**ASSIGNMENT**
Every word in the data below belongs in your copy, exactly as given; the pictures do not.

**AVAILABLE DATA**
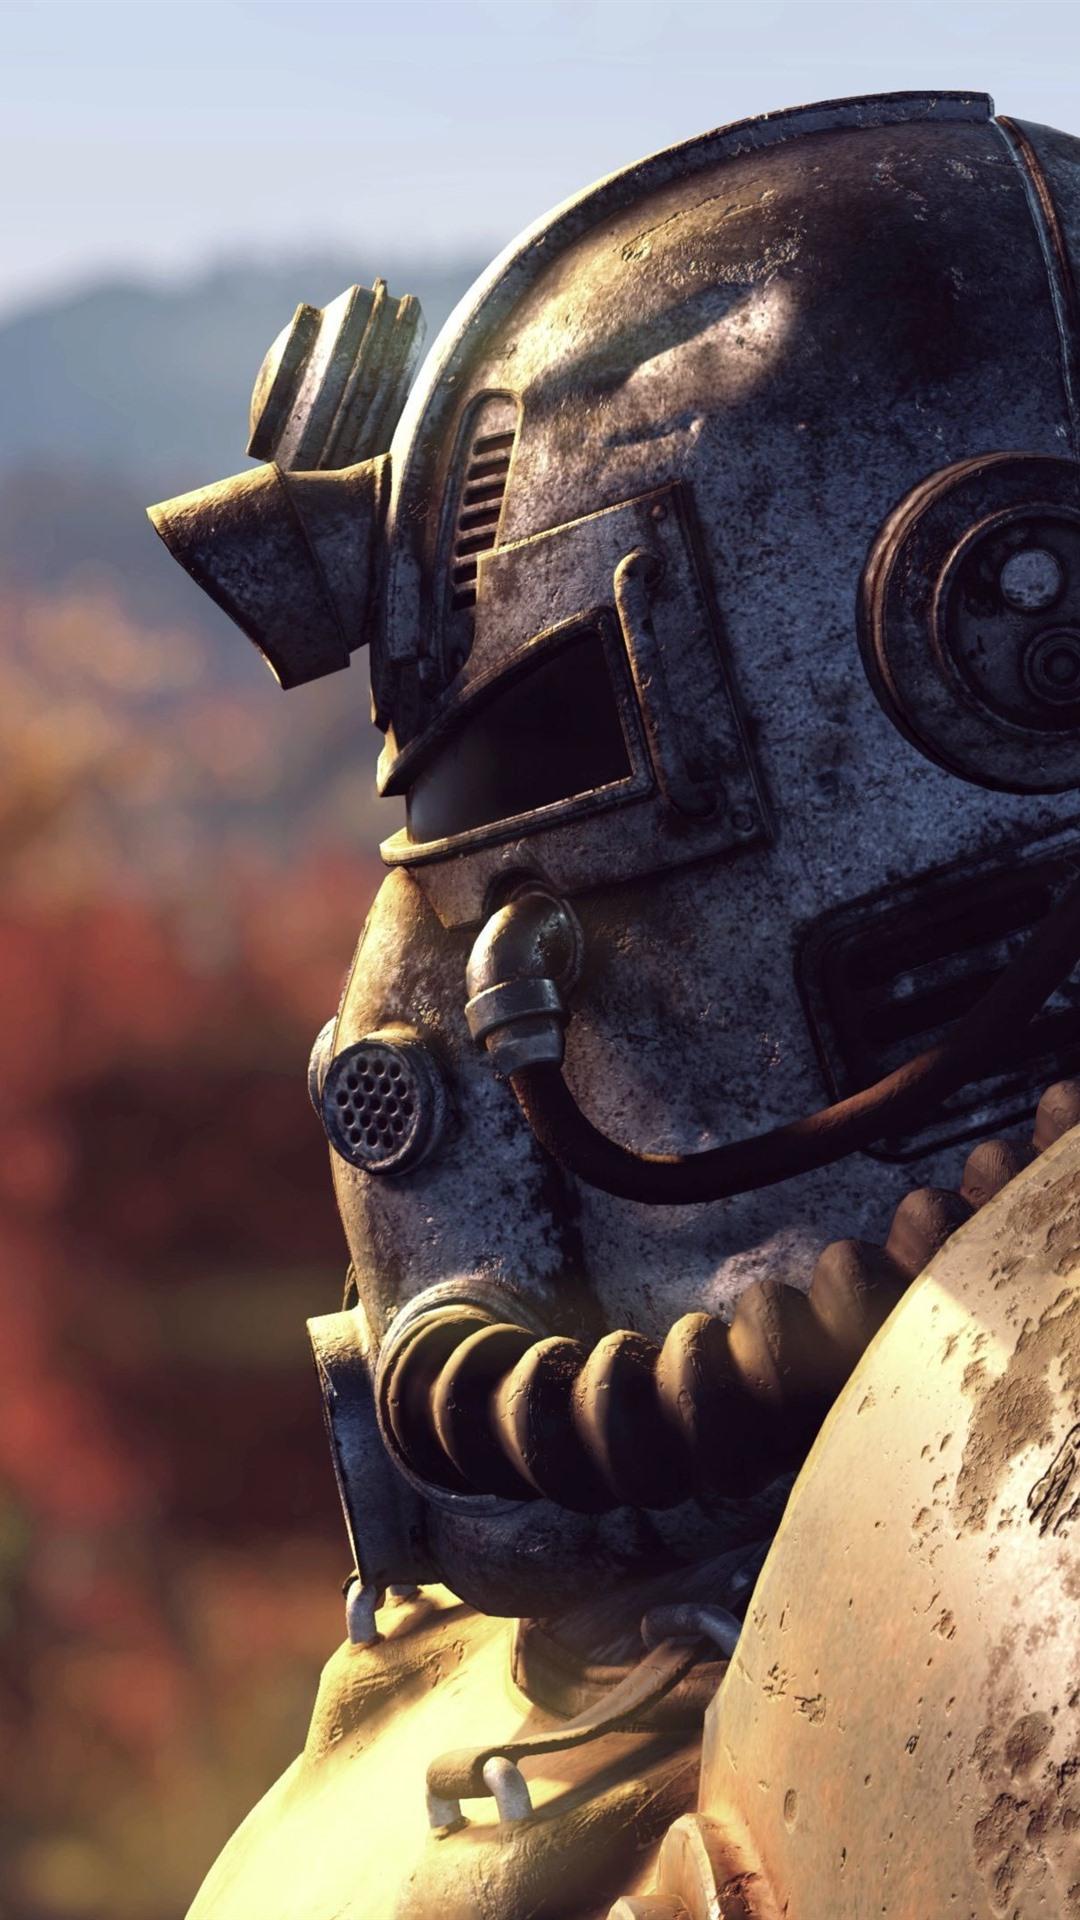 Fallout Warrior Helmet 1080x1920 Iphone 8 7 6 6s Plus
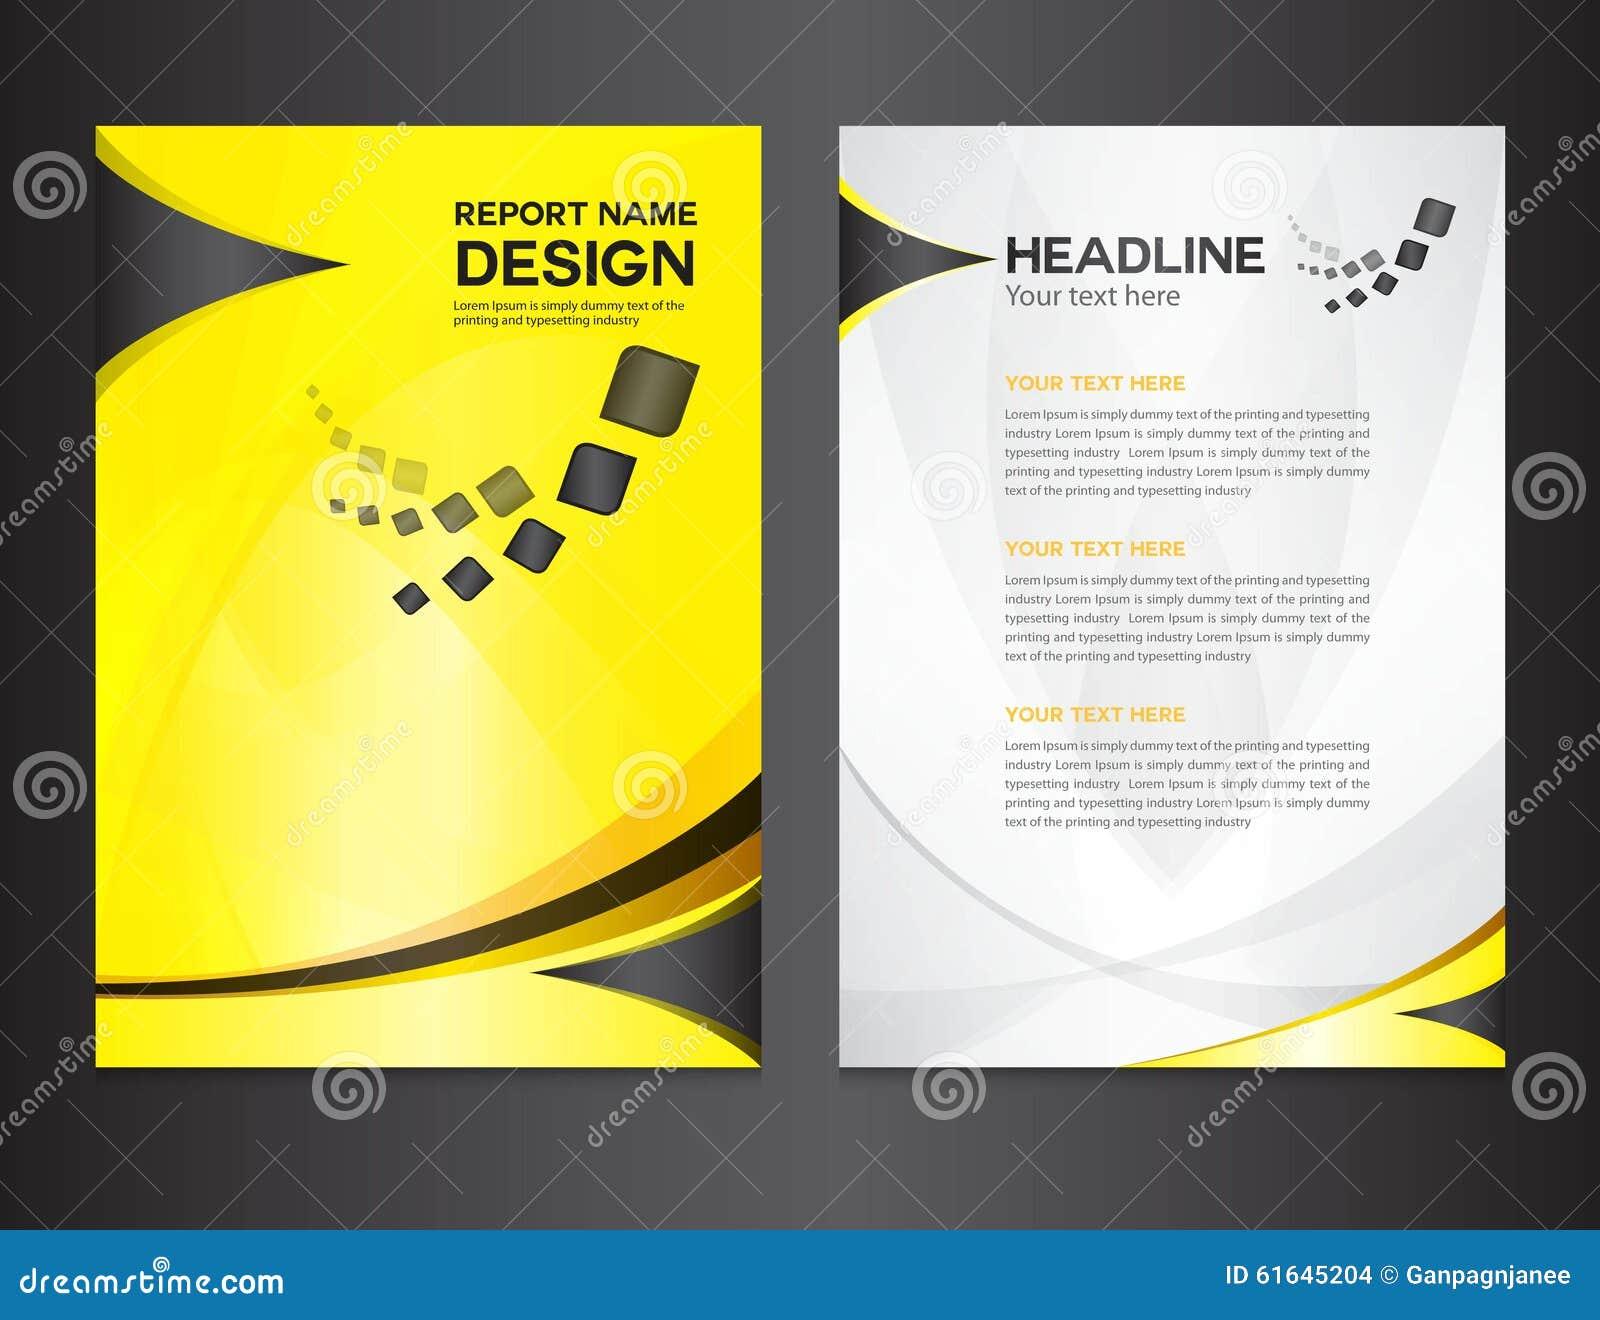 Yellow Book Cover Design : Yellow cover annual report design vector illustration
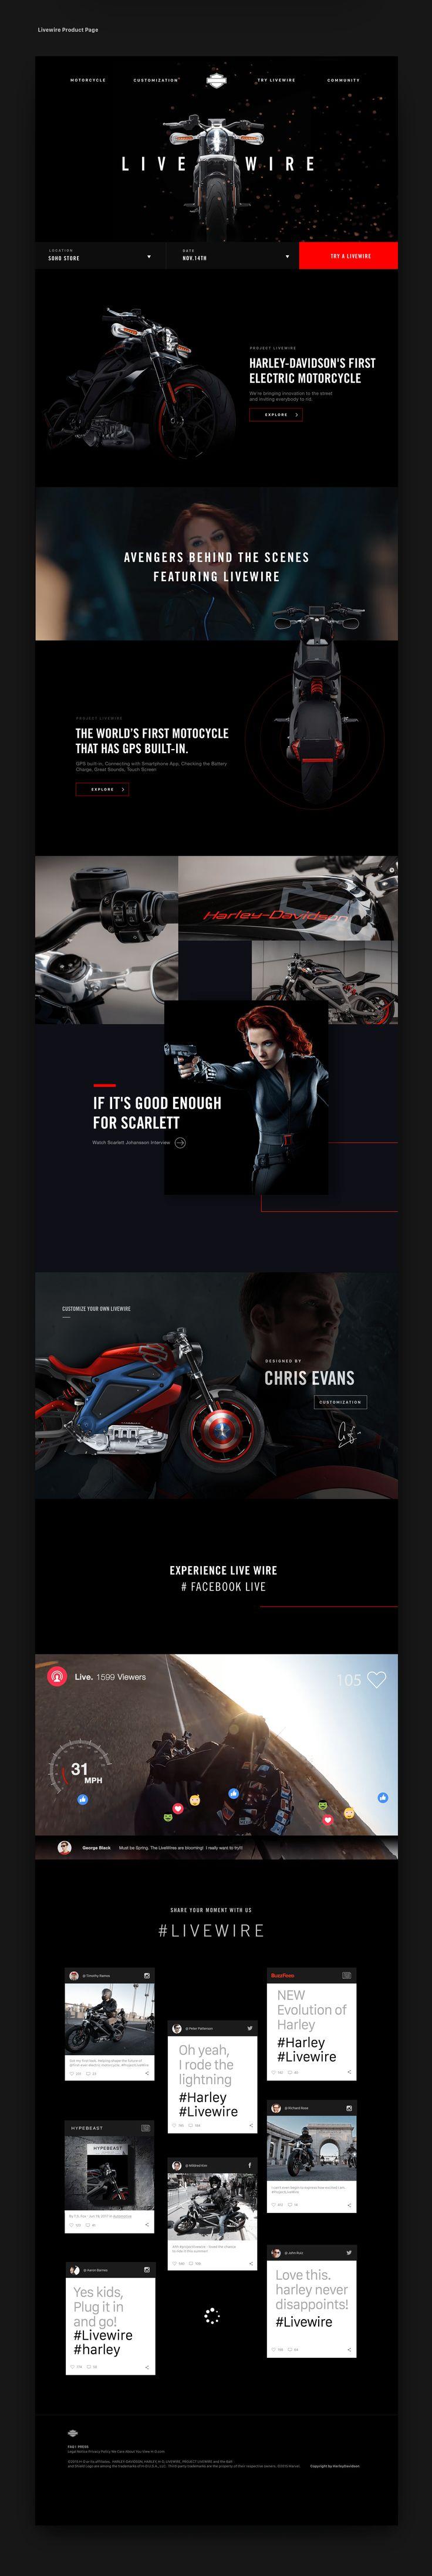 Harley Davidson - Project Livewire Website Redesign on Behance

**ANSWER TO THIS EXERCISE**
 Fallout Warrior Helmet 1080x1920 Iphone 8 7 6 6s Plus
 Yellow Book Cover Design : Yellow cover annual report design vector illustration
 Harley Davidson - Project Livewire Website Redesign on Behance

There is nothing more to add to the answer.